Monitor AEM access logs and form submission records for unusual changes by low-privilege users. Use web application firewalls (WAF) to detect and block inline script patterns in form submissions. Deploy browser-based content security policy headers to mitigate XSS execution. Review form field audit trails for unexpected modifications, especially outside normal business hours. Penetration testers should include stored XSS validation in AEM assessment scope, focusing on custom and standard form components.

Why prioritize this

Although the CVSS score is medium (5.4), stored XSS in a content management platform merits expedited remediation because the flaw affects trusted content infrastructure and can compromise many users passively. The low barrier to entry (basic user access) and scope change (cross-context impact) increase practical risk. Organizations with public-facing or multi-tenant AEM deployments should prioritize this higher than the numeric score alone suggests.

Risk score, explained

The CVSS 3.1 score of 5.4 (MEDIUM) is driven by network-based attack vector, low complexity, and requirement for low privilege and user interaction. Confidentiality and integrity are degraded (L/L) but availability is unaffected (N). The scope change (S:C) acknowledges that the vulnerability can impact contexts beyond the attacker's privilege level, preventing a lower score. For many organizations, the practical risk is elevated due to the persistent nature of stored XSS and the trust users place in content served by AEM.

Frequently asked questions

Can this vulnerability be exploited by unauthenticated attackers?

No. Exploitation requires valid AEM credentials and at least low-level privilege (such as content editor or form contributor role). Unauthenticated users cannot directly inject payloads, but they may be victims if an insider exploits the flaw.

How do I know if my AEM instance has been compromised by this vulnerability?

Search your AEM form fields, pages, and asset metadata for unexpected script tags or suspicious JavaScript. Enable and review detailed audit logs for modifications by low-privilege accounts. If you suspect compromise, engage forensics support and consider isolating the instance for investigation.
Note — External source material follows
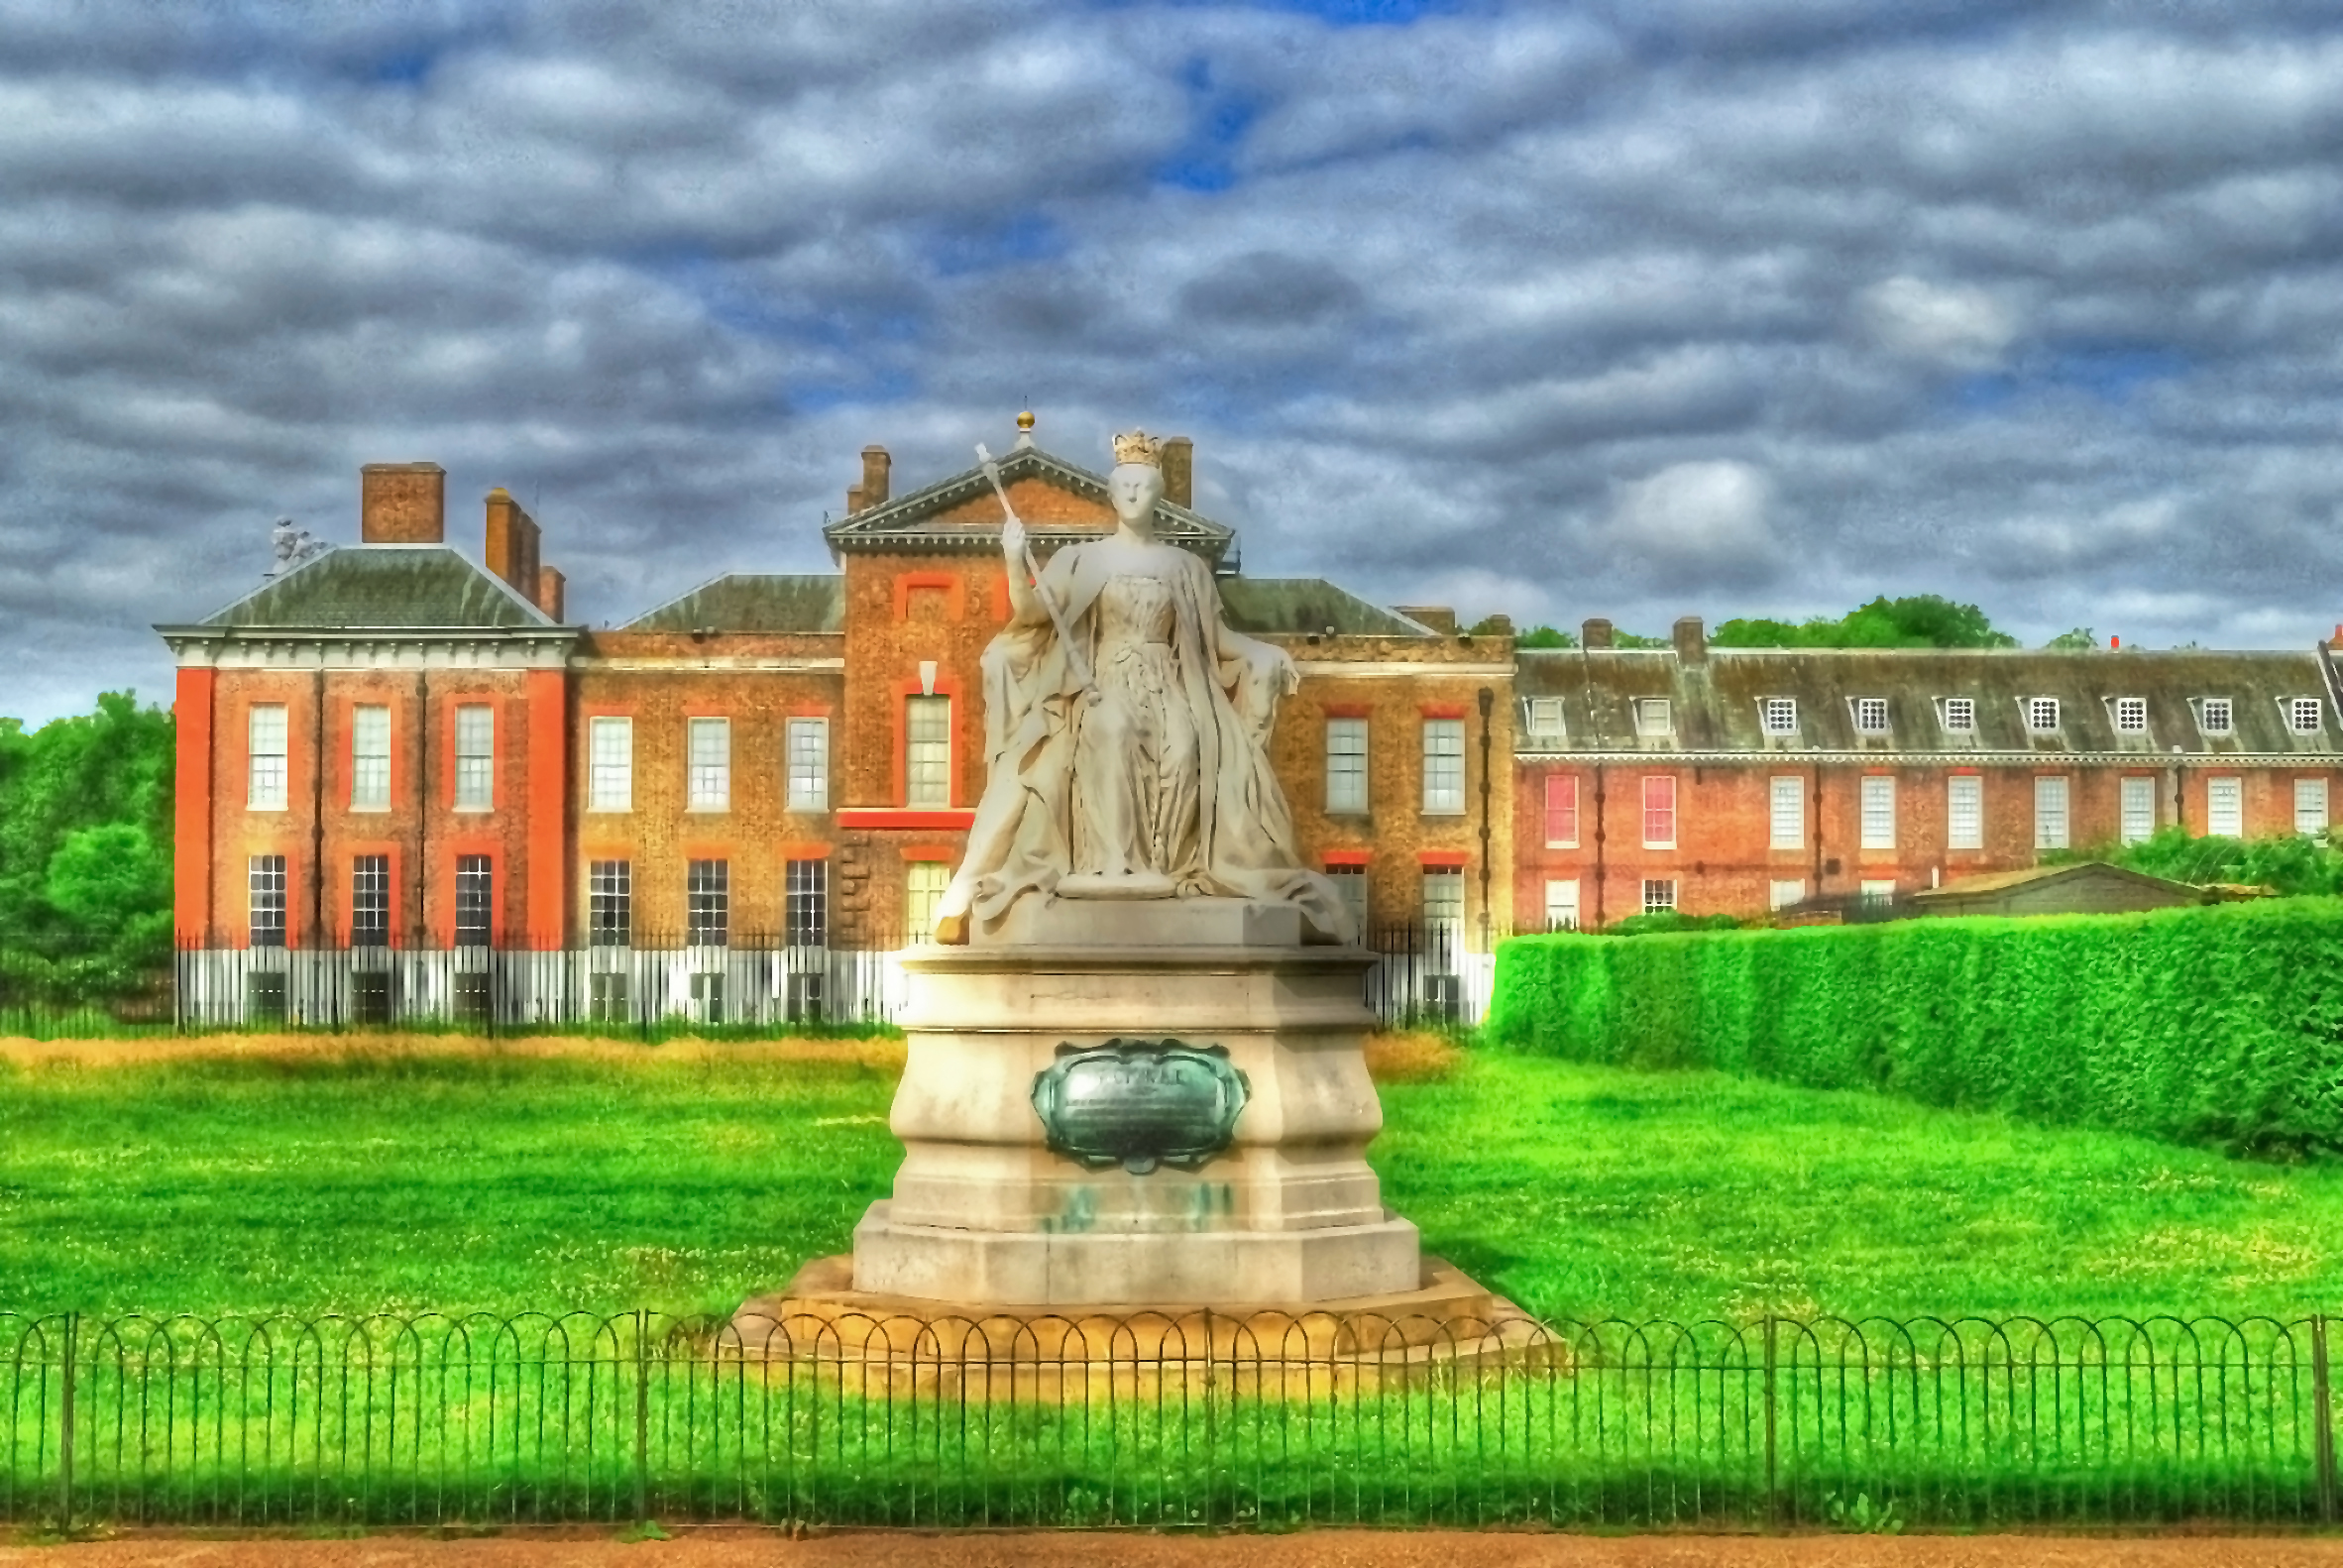 Queen Victoria Statue by philb2012

Is there a workaround if I cannot patch immediately?

Implement a Web Application Firewall (WAF) rule to block inline script submissions and restrict form-editing roles to trusted users only. Enable Content Security Policy (CSP) headers to prevent inline script execution. However, these are temporary measures; patching should proceed as soon as feasible.
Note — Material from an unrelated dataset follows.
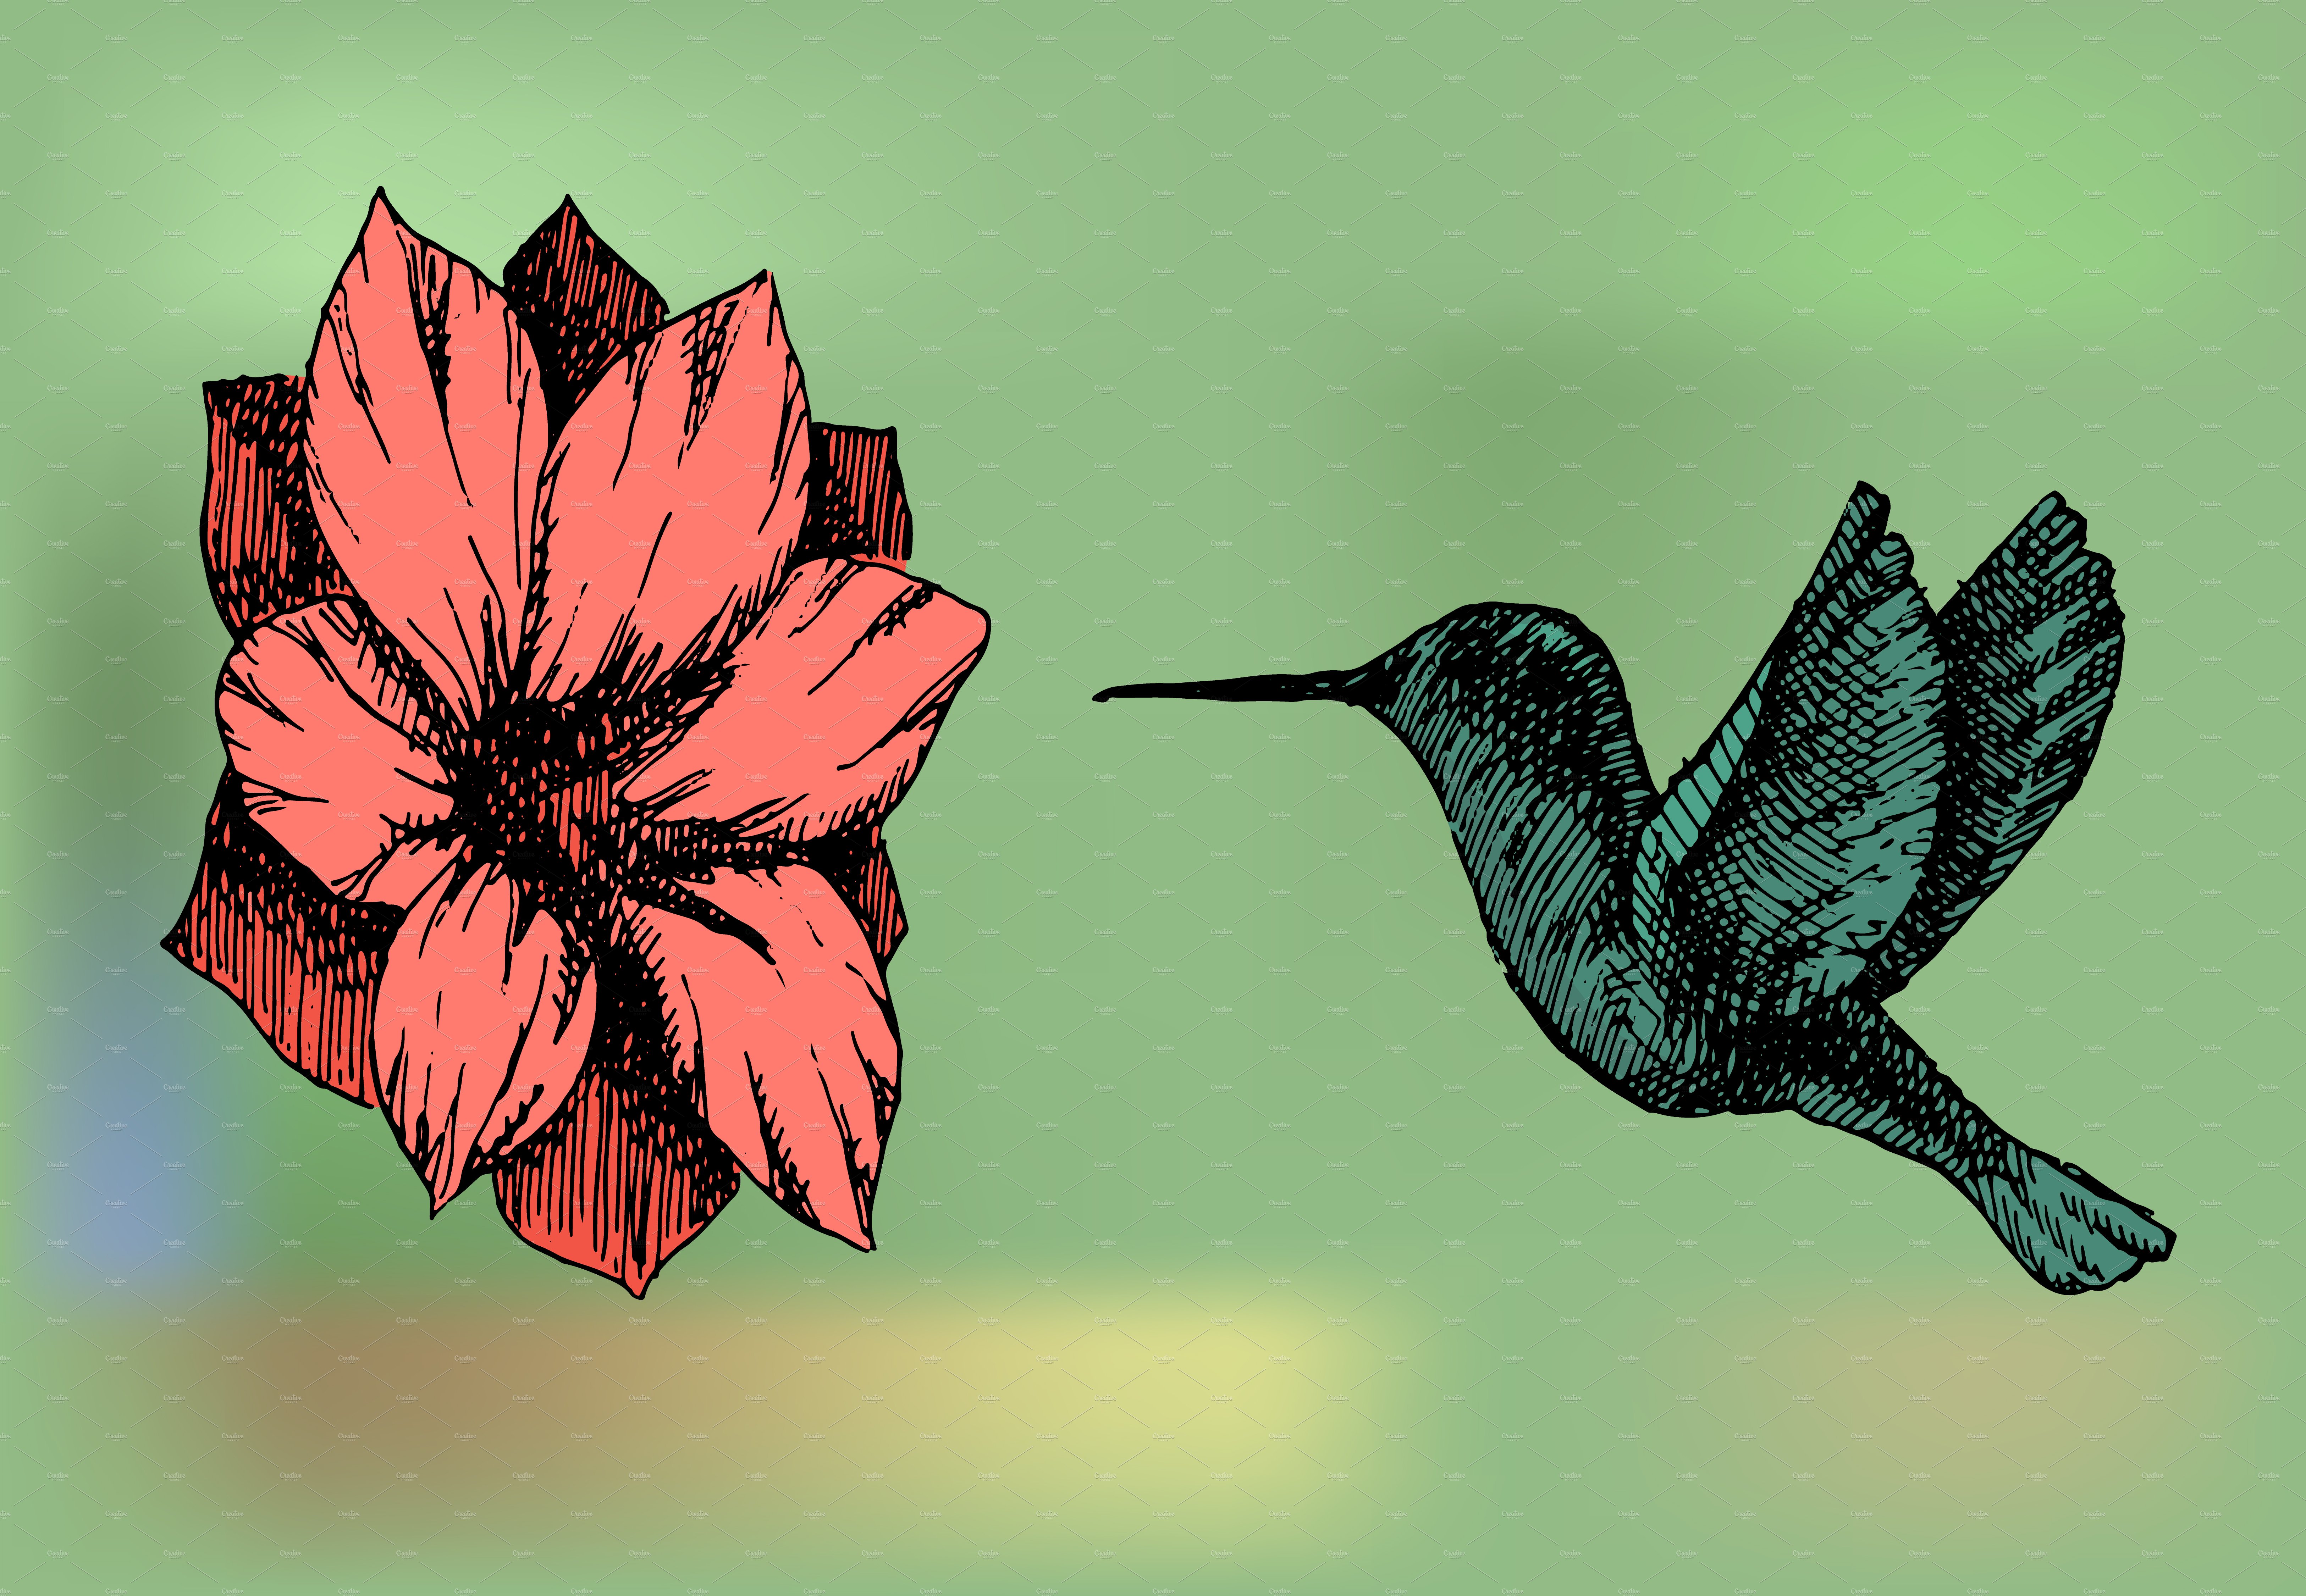 Hand drawn hummingbirds near flowers cover image.

Does this vulnerability affect AEM as a Cloud Service?

The advisory specifies AEM 6.5.24, LTS SP1, and 2026.04 and earlier; Cloud Service offerings may have different versioning. Consult the official Adobe advisory and your AEM Cloud Service provider to confirm your deployment status and required actions.

This analysis is for informational purposes and does not constitute professional security advice. Patch versions, advisory URLs, and remediation timelines must be verified against official Adobe security bulletins before implementation. Organizations should conduct independent risk assessment and testing in controlled environments. SEC.co makes no warranty regarding the completeness or accuracy of version lists or technical details; always consult the vendor advisory as the authoritative source. Source: NVD (public-domain), retrieved 2026-07-16. Analysis generated by SEC.co (claude-haiku-4-5).